*** Block opens ***

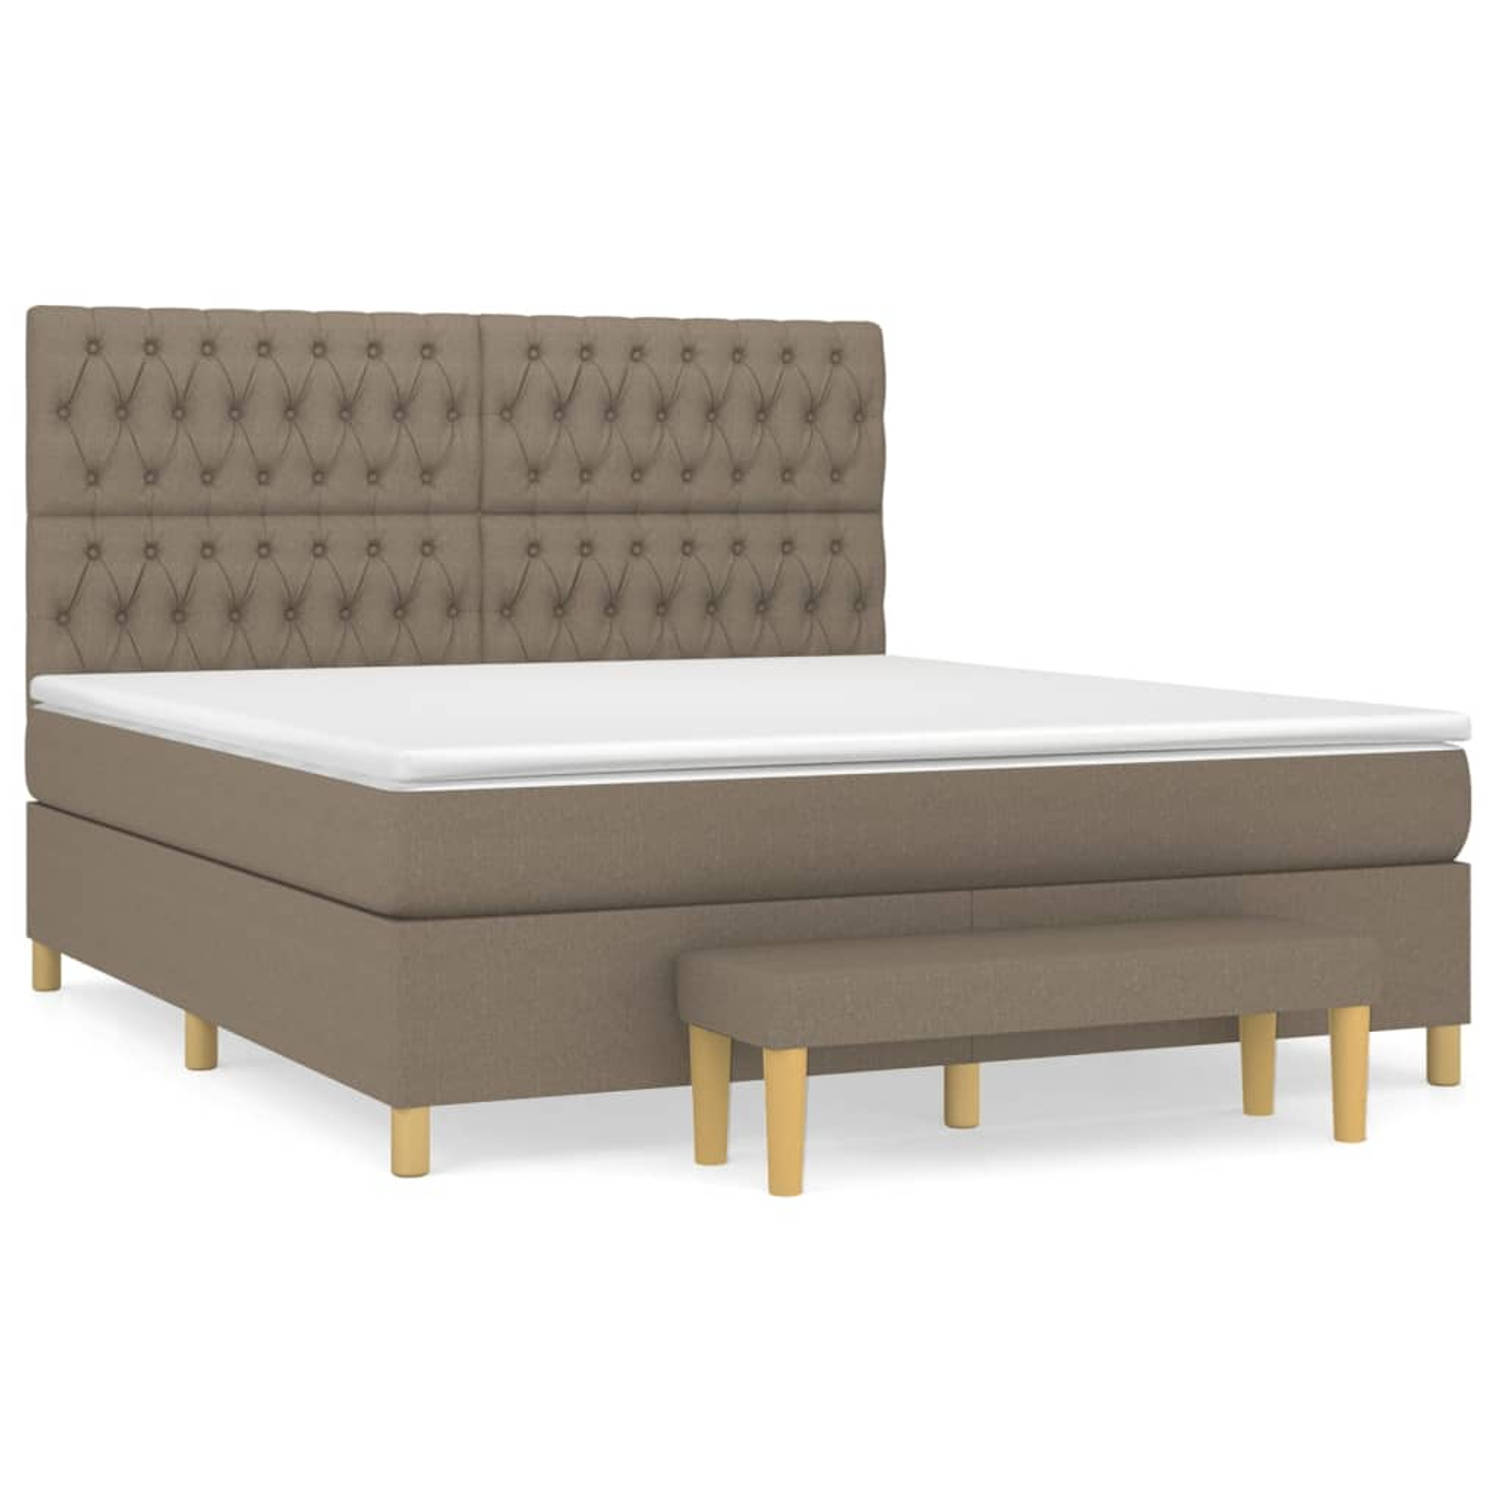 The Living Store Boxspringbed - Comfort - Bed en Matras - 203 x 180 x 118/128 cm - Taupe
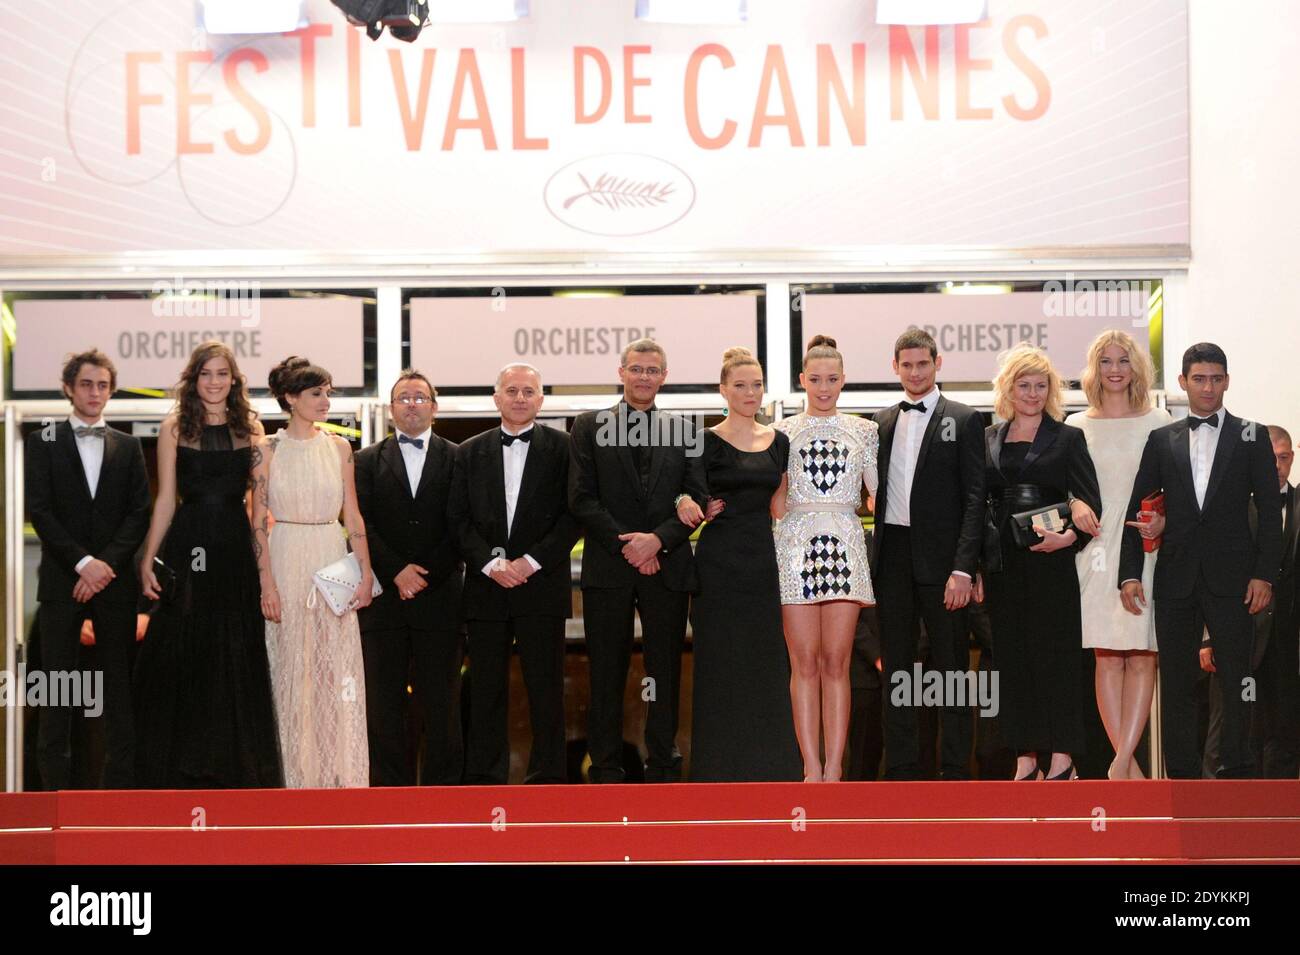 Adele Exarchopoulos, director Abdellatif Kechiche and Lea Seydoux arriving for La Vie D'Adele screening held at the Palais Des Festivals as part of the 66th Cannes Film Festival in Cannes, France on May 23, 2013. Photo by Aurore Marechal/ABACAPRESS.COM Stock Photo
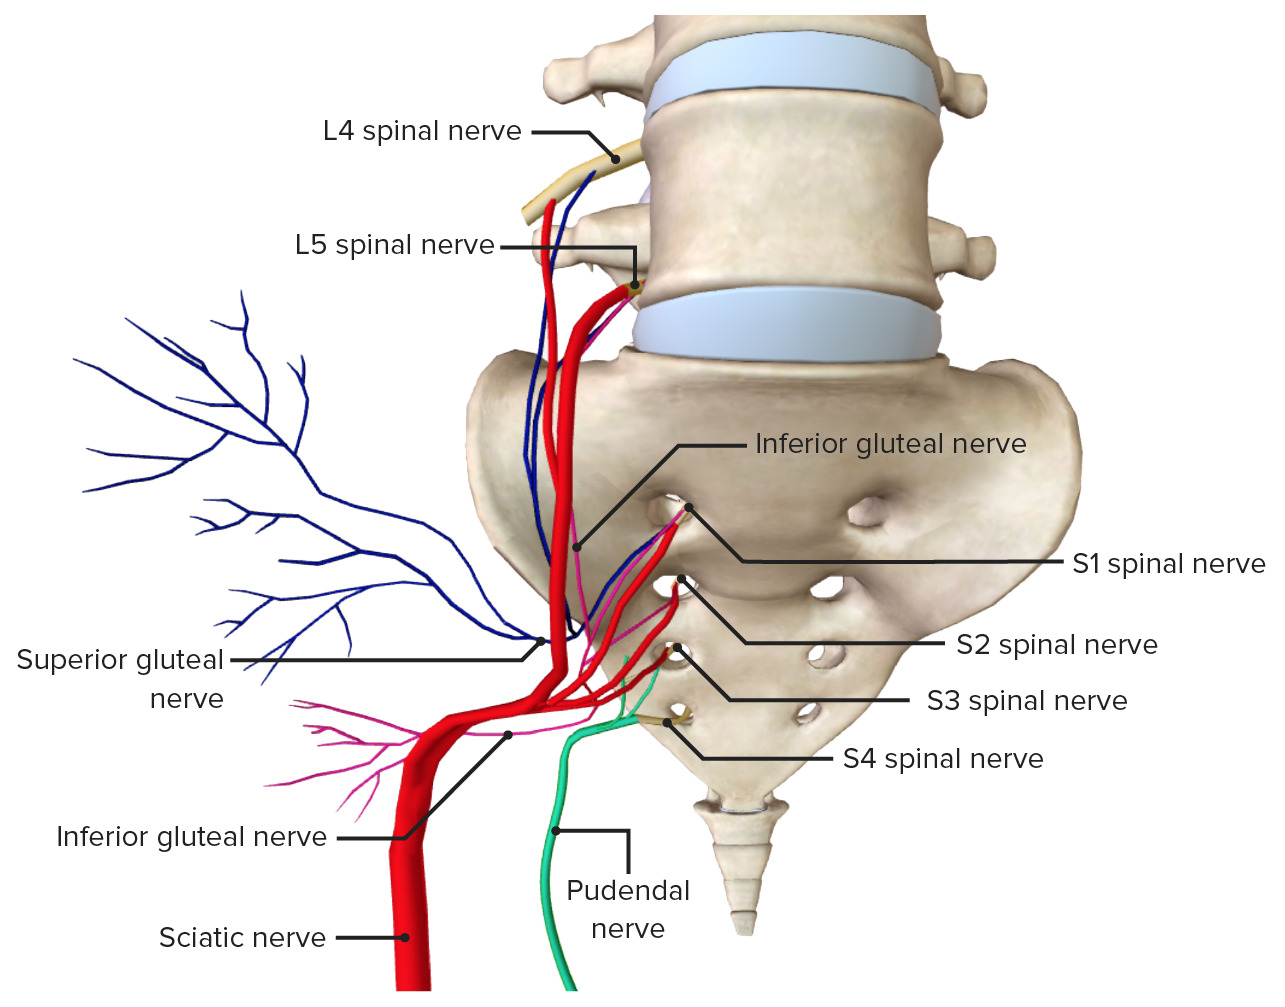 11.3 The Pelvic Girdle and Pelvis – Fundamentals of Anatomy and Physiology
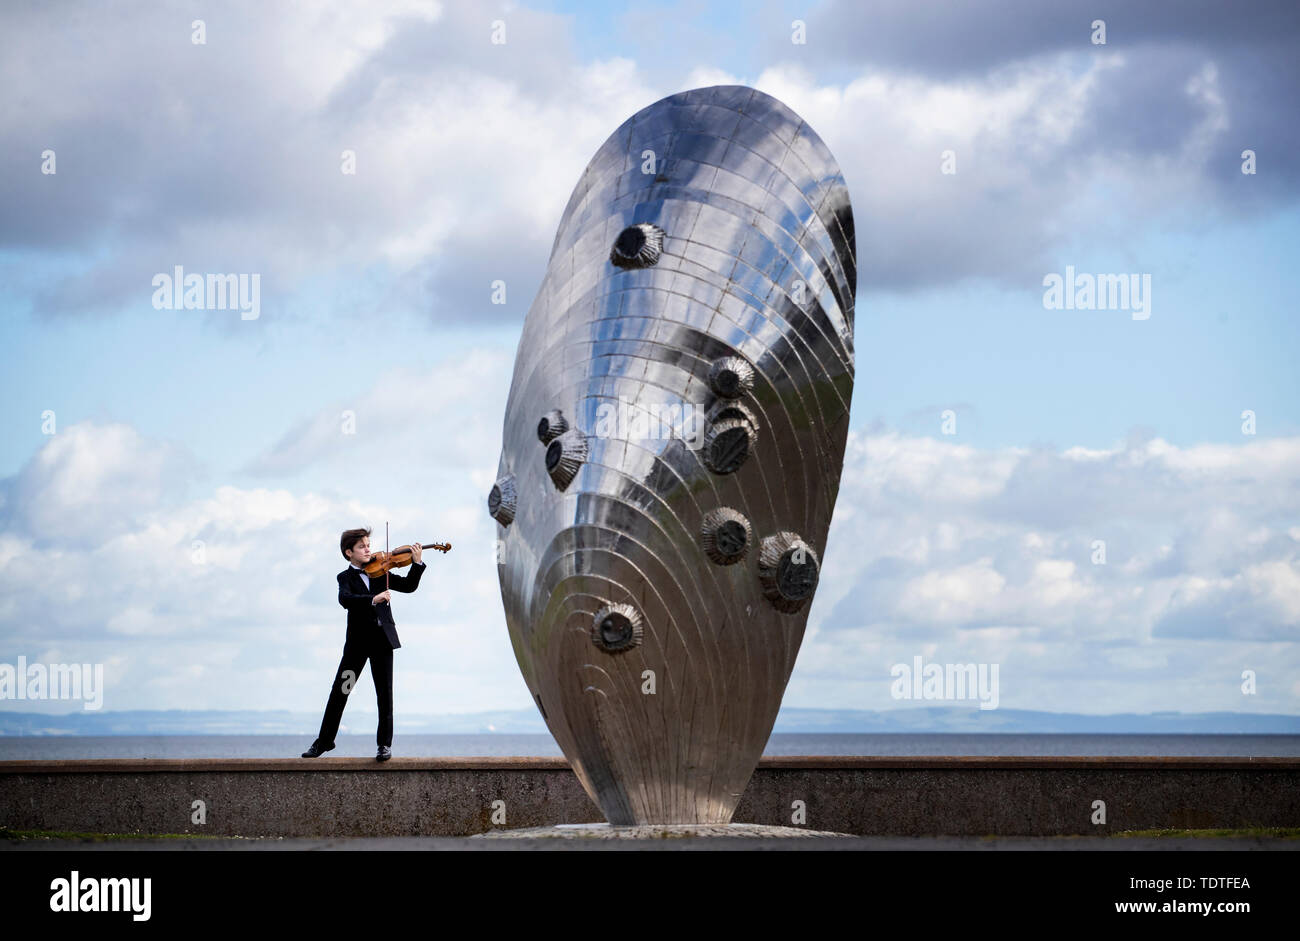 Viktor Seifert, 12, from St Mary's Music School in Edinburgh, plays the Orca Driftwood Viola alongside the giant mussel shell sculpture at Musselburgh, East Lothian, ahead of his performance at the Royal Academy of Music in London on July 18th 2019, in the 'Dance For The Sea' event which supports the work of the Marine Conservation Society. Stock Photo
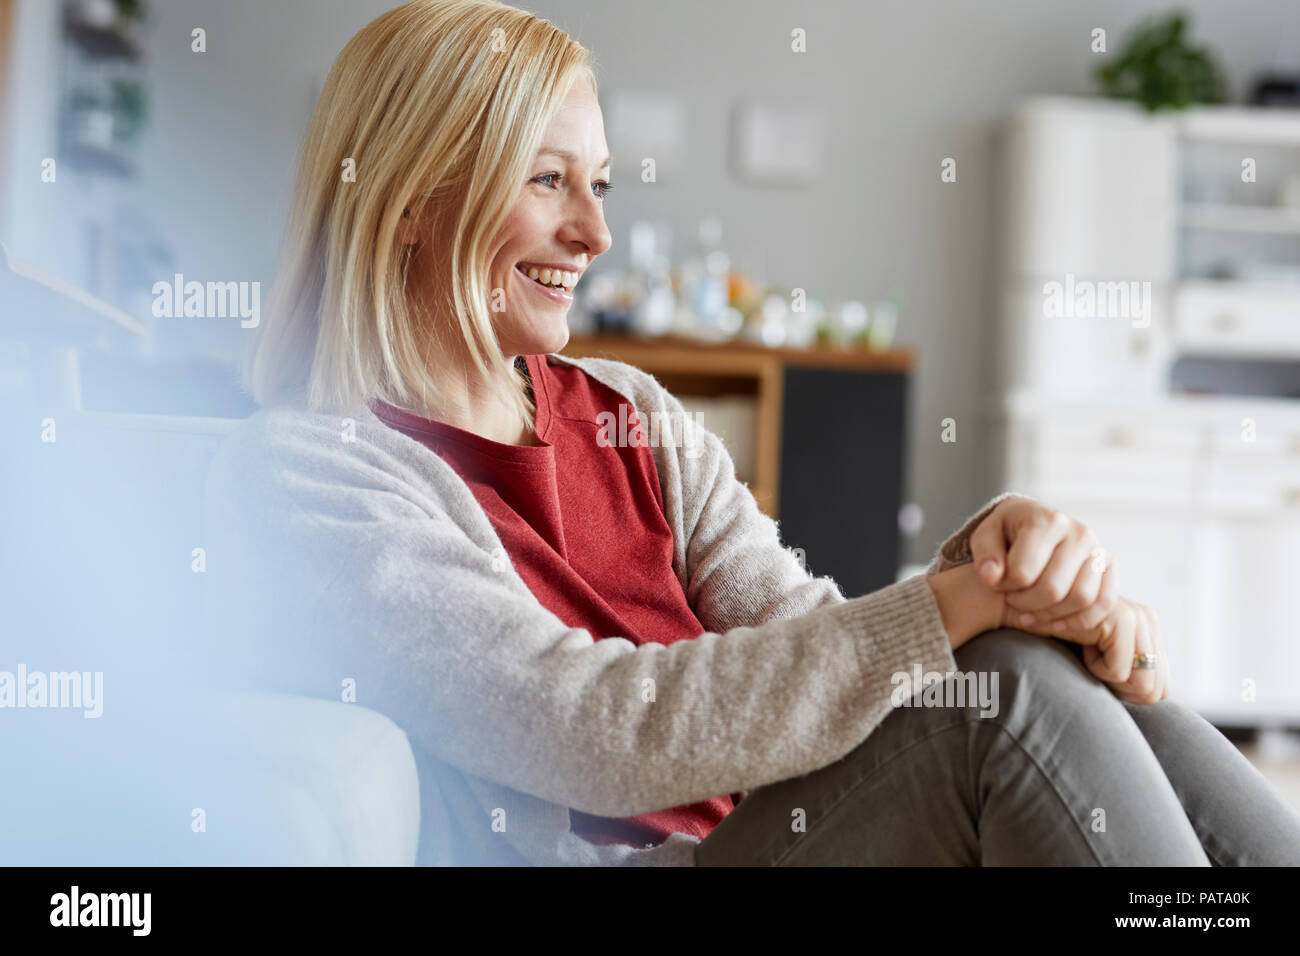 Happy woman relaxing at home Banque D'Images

*** Block closes ***

_What to produce:_
The material above is to be transcribed exactly, with all pictures omitted.

_Problem solution:_
 The Living Store Boxspringbed - Comfort - Bed en Matras - 203 x 180 x 118/128 cm - Taupe
 Adele Exarchopoulos, director Abdellatif Kechiche and Lea Seydoux arriving for La Vie D'Adele screening held at the Palais Des Festivals as part of the 66th Cannes Film Festival in Cannes, France on May 23, 2013. Photo by Aurore Marechal/ABACAPRESS.COM Stock Photo
 11.3 The Pelvic Girdle and Pelvis – Fundamentals of Anatomy and Physiology
 Viktor Seifert, 12, from St Mary's Music School in Edinburgh, plays the Orca Driftwood Viola alongside the giant mussel shell sculpture at Musselburgh, East Lothian, ahead of his performance at the Royal Academy of Music in London on July 18th 2019, in the 'Dance For The Sea' event which supports the work of the Marine Conservation Society. Stock Photo
 Happy woman relaxing at home Banque D'Images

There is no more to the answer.